= Kannamwar Nagar =

Kannamwar Nagar is a locality situated in Vikhroli east, on eastern express highway. Kannamwar Nagar is on the eastern side of the Vikhroli railway station and is known for buildings built by MHADA. It is considered as one of the biggest housing colonies in India and one of the biggest workers housing colonies in Asia.

The name was given to this area on name of Mr. Marotrao Shambshio Kannamwar who was an Indian politician who served as Chief Minister of Maharashtra from 20 November 1962 to 24 November 1963.

Kannamwar Nagar lies somewhat in the centre of Mumbai and provides easy access to all cities through the roads that run through it. Agra Road, officially called the Eastern Express Highway connects it to Thane, Dadar, Chembur and Vashi. It is well connected by Shastri Marg on its western part which connects it to Bandra, Jogeshwari and other western suburbs.

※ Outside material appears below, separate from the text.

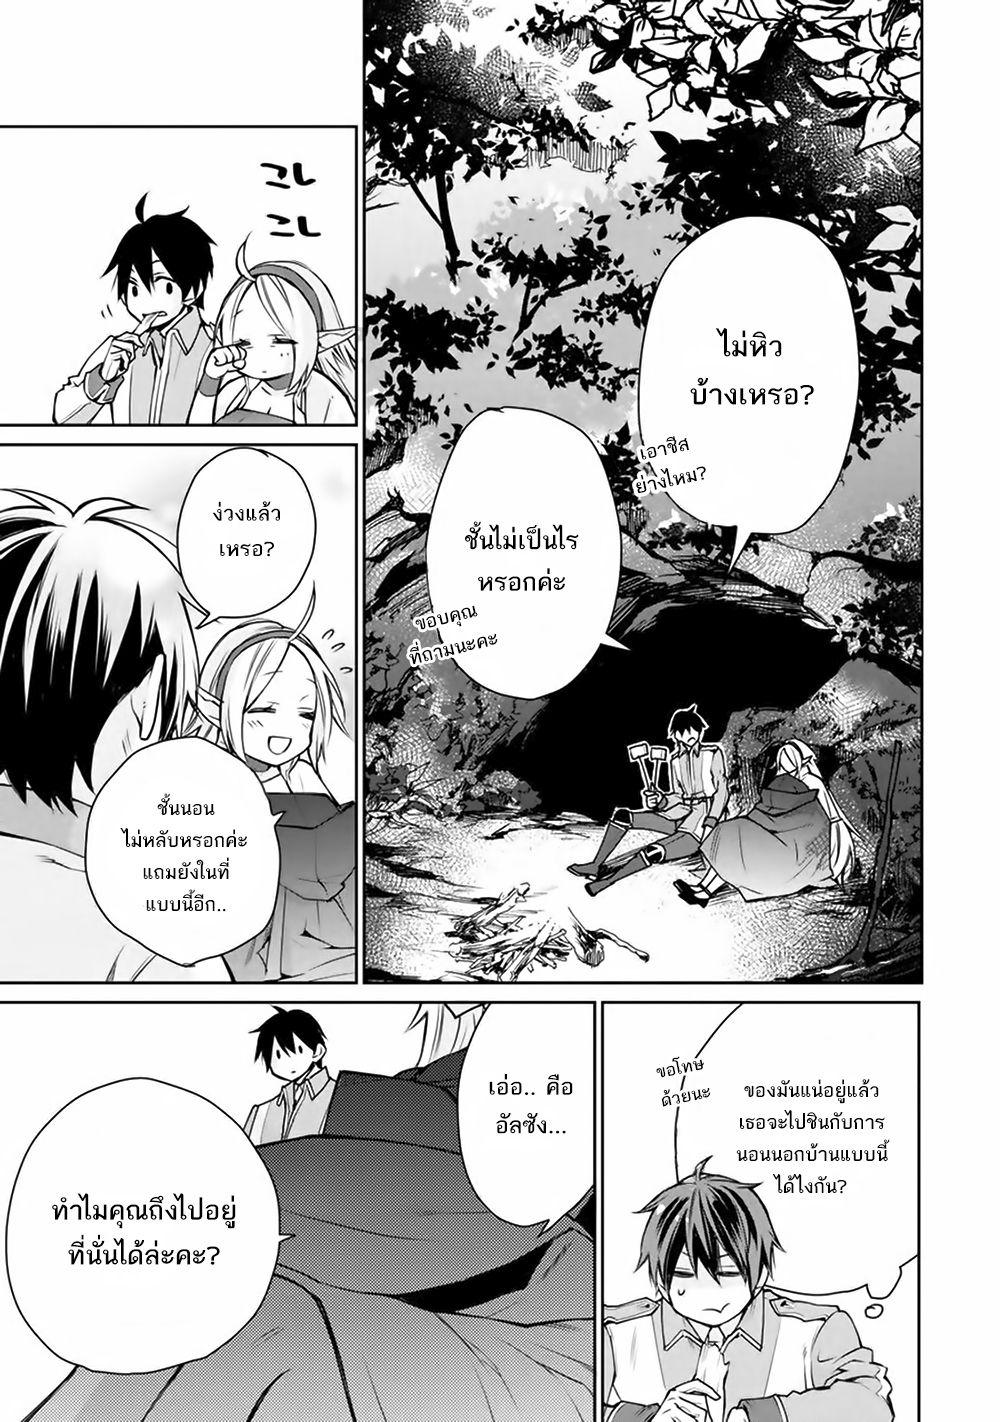 อ่านการ์ตูน Saikyo no mado-shi. Hiza ni ya o ukete shimattanode inaka no eihei ni naru ตอนที่ 1.3 หน้าที่ 15

A proposal for a bridge has been made, which is to be built over the Thane Creek from Kannamwar Nagar off the eastern express highway to Kopar Khairane in Navi Mumbai, thereby providing a much needed third bridge linking Mumbai and Navi Mumbai. The popular bus routes operating from this area are 394 and 397 (to kannamwar nagar), 353 (to Wadala), 354 (to dadar), 388 (to Seepz depot) and 185 (to jogeshwari). From vikhroli west, Route No 7 (to Backbay) is the most patronised.

==Residential==
In Kannamwar Nagar there are more than 300 Mhada Buildings

It is also one of the 56 Transit Camps developed by MHADA in Mumbai.

Currently, Vikhroli is undergoing huge transformation that will make it look like a modern town.

Kindergartens:
- Learning Tree Preschool

Schools/Colleges:
- Asmita College of Law
- Dr Babasaheb Ambedkar Vidyalaya
- Utkarsh Bal Mandir School
- Vikas High School and Jr College
- Abhay International School
- Madyamik Vidyala

Out of these, Udayachal Schools have been the best in terms of imparting and setting a class in education in Mumbai. Also it is ranked as one of the top schools according to a recent survey.

Gardens/Playgrounds:

- Dharamveer Sambhaji Maharaj (Circle) Ground.
- Ravindra Mhatre Ground.
- Balgandharva Balodyan (Trikoni).
- Shaantivan.
- Veermata Jijau Mai Garden.
- Priyadarshani Udyan
- Hatti Garden
- Bombay Municipal Corporation Udyan
- Ganesh Maidan

Hospitals:

- Krantiveer Mahatma Jyotiba Phule Hospital
- Shushrusha Hospital.

Hotels/Restaurants:

- Red Chilly Classic Chinese Cuisine
- Hotel Praveen
- Hotel Krish
- Hotel Adarsh

There is a proposal of Skywalk bridge connecting East to west due to lot of accident mishaps near the railway line crossing.

Kannamwar nagar in Vikhroli is typically middle class and peaceful suburb of Mumbai. In the next 5 years Kannamwar Nagar will be an emerging locality as many building are eying on development of Tagore Nagar.